■ PROVIDED MATERIAL
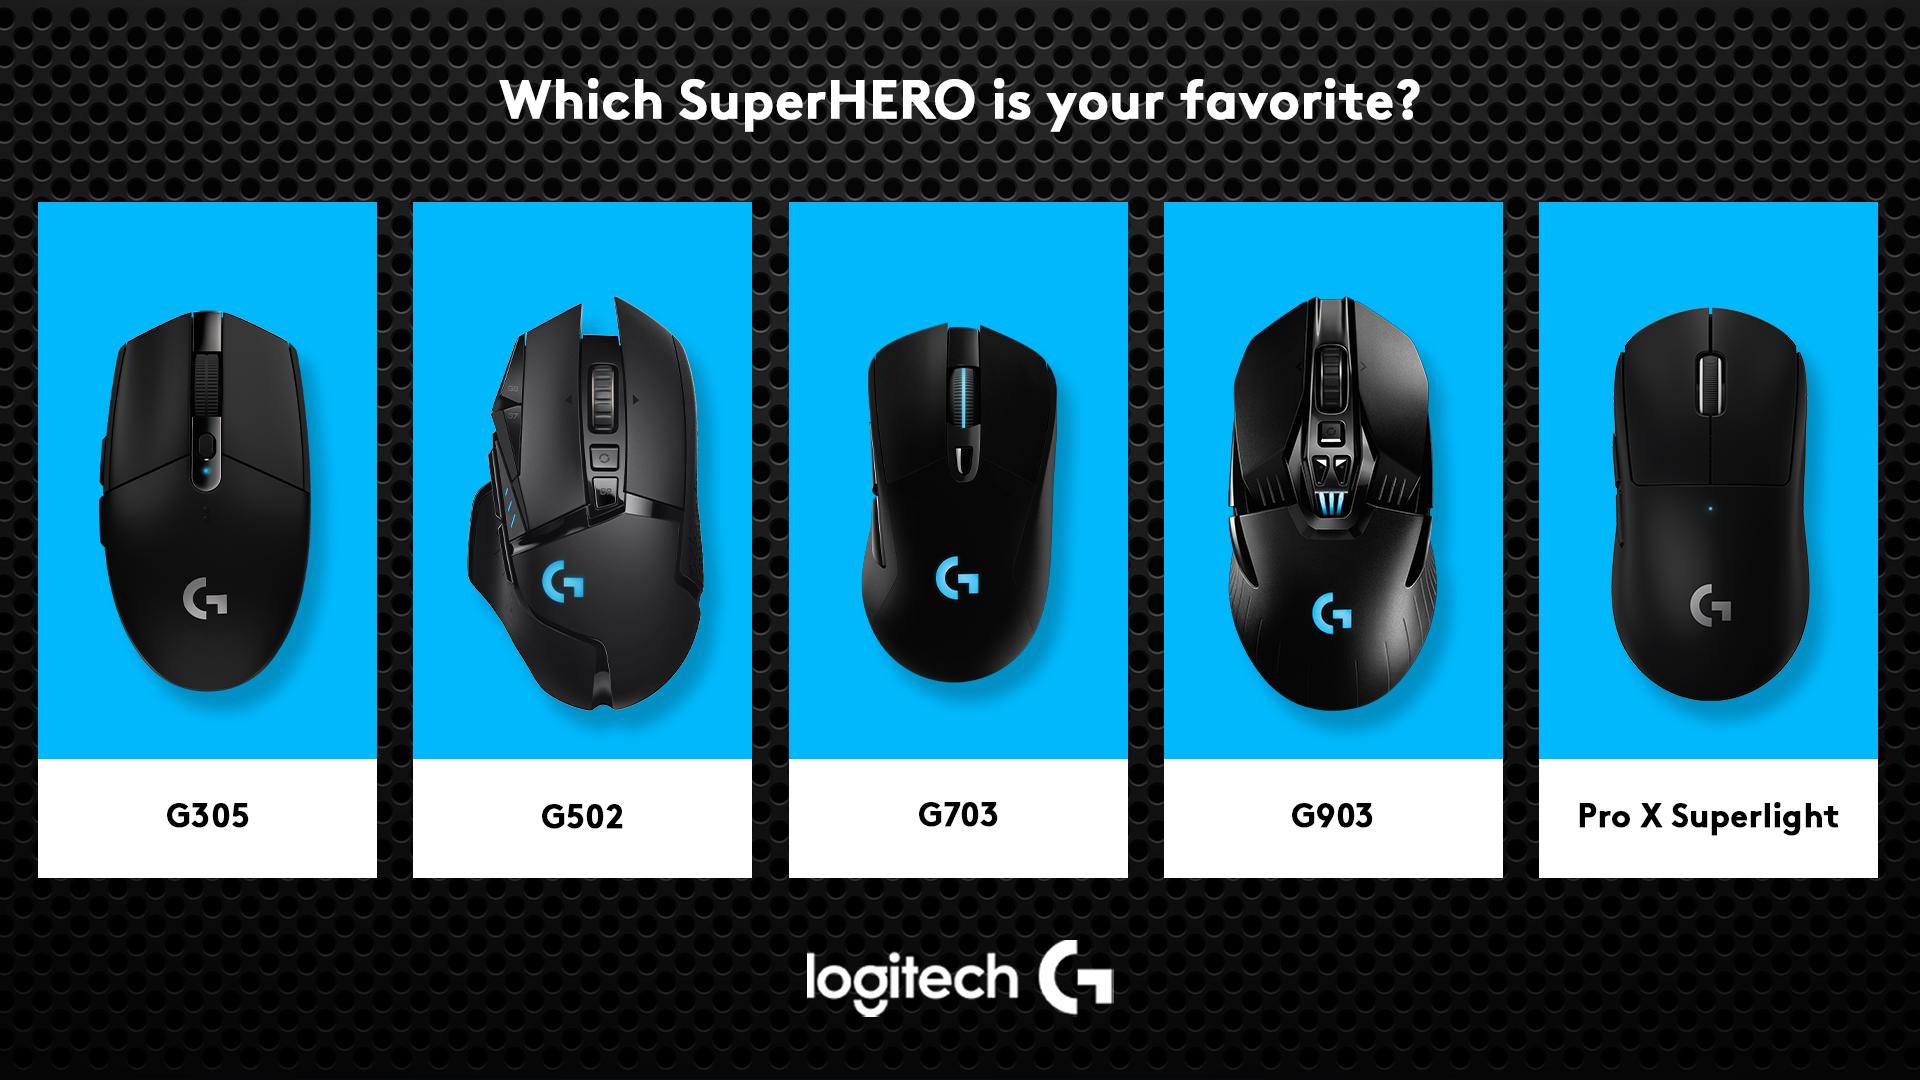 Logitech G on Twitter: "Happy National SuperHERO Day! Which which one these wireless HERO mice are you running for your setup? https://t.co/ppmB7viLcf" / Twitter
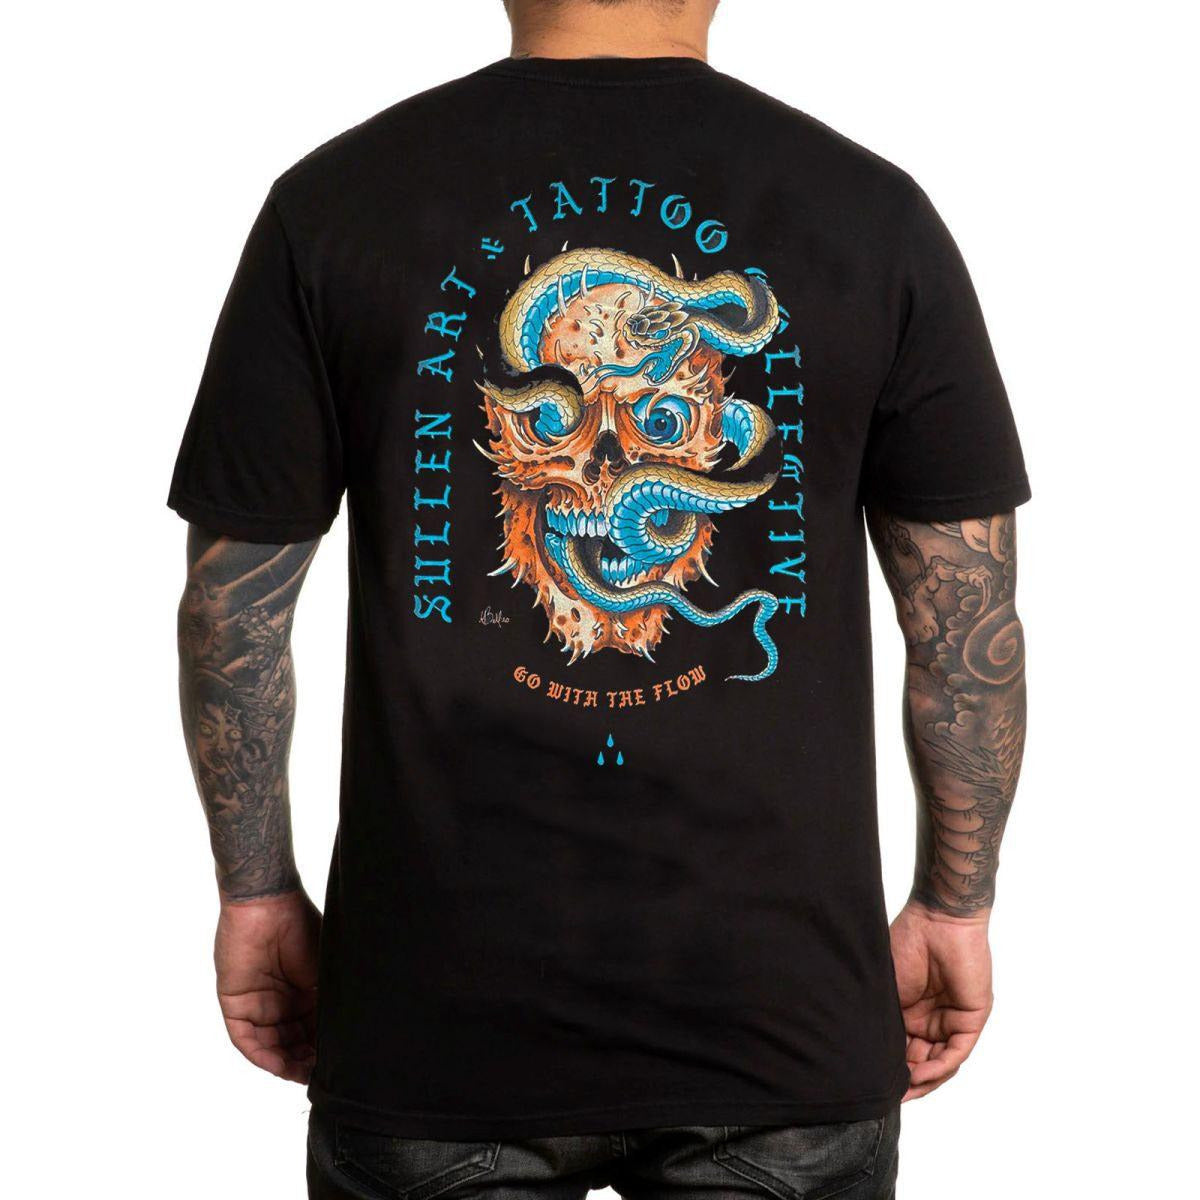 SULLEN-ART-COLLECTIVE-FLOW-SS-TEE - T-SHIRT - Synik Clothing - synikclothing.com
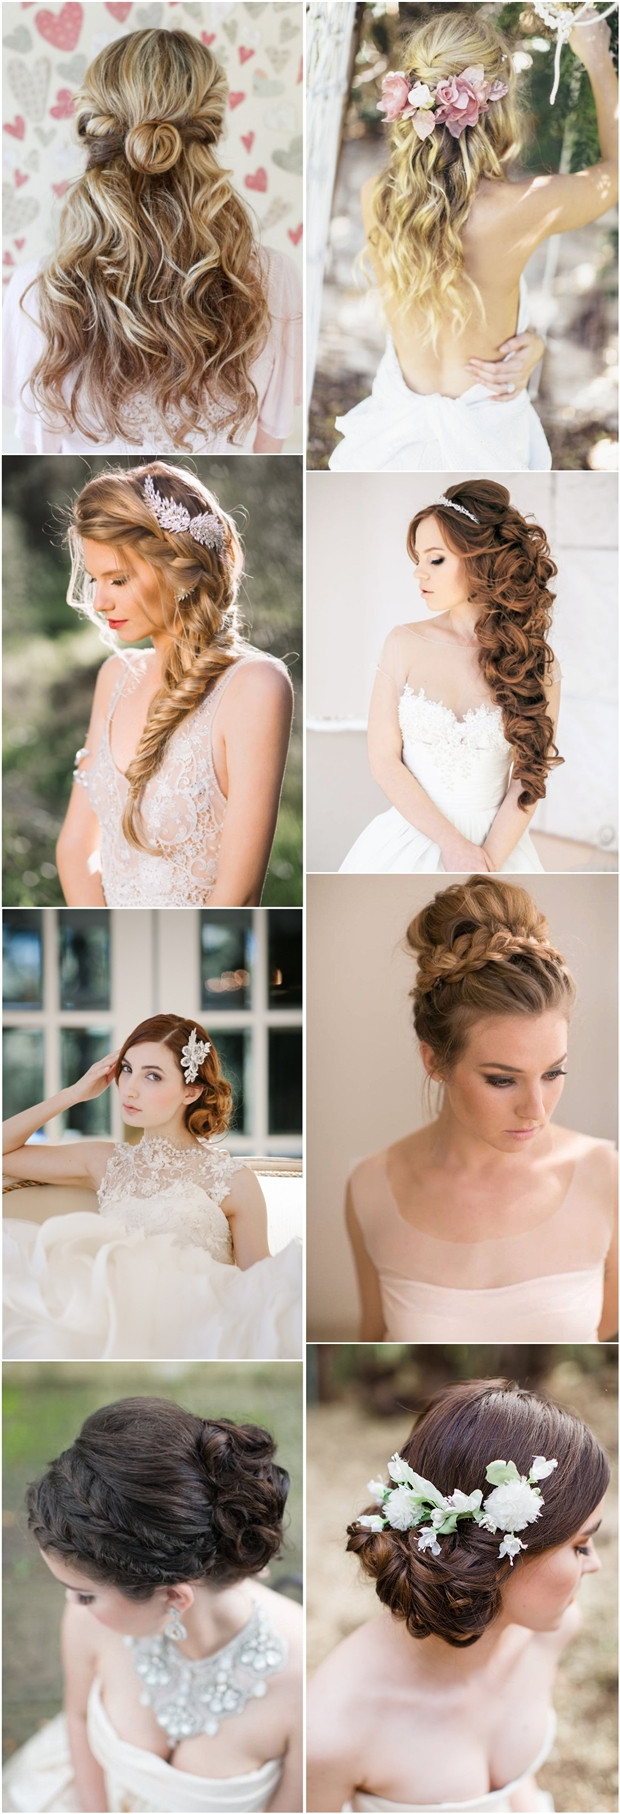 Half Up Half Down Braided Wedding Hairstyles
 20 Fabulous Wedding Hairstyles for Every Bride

■ ACTIVITY
Your response must reproduce every line of the data exactly, with images omitted.

■ RESPONSE BOX
 Logitech G on Twitter: "Happy National SuperHERO Day! Which which one these wireless HERO mice are you running for your setup? https://t.co/ppmB7viLcf" / Twitter
 SULLEN-ART-COLLECTIVE-FLOW-SS-TEE - T-SHIRT - Synik Clothing - synikclothing.com
 Half Up Half Down Braided Wedding Hairstyles
 20 Fabulous Wedding Hairstyles for Every Bride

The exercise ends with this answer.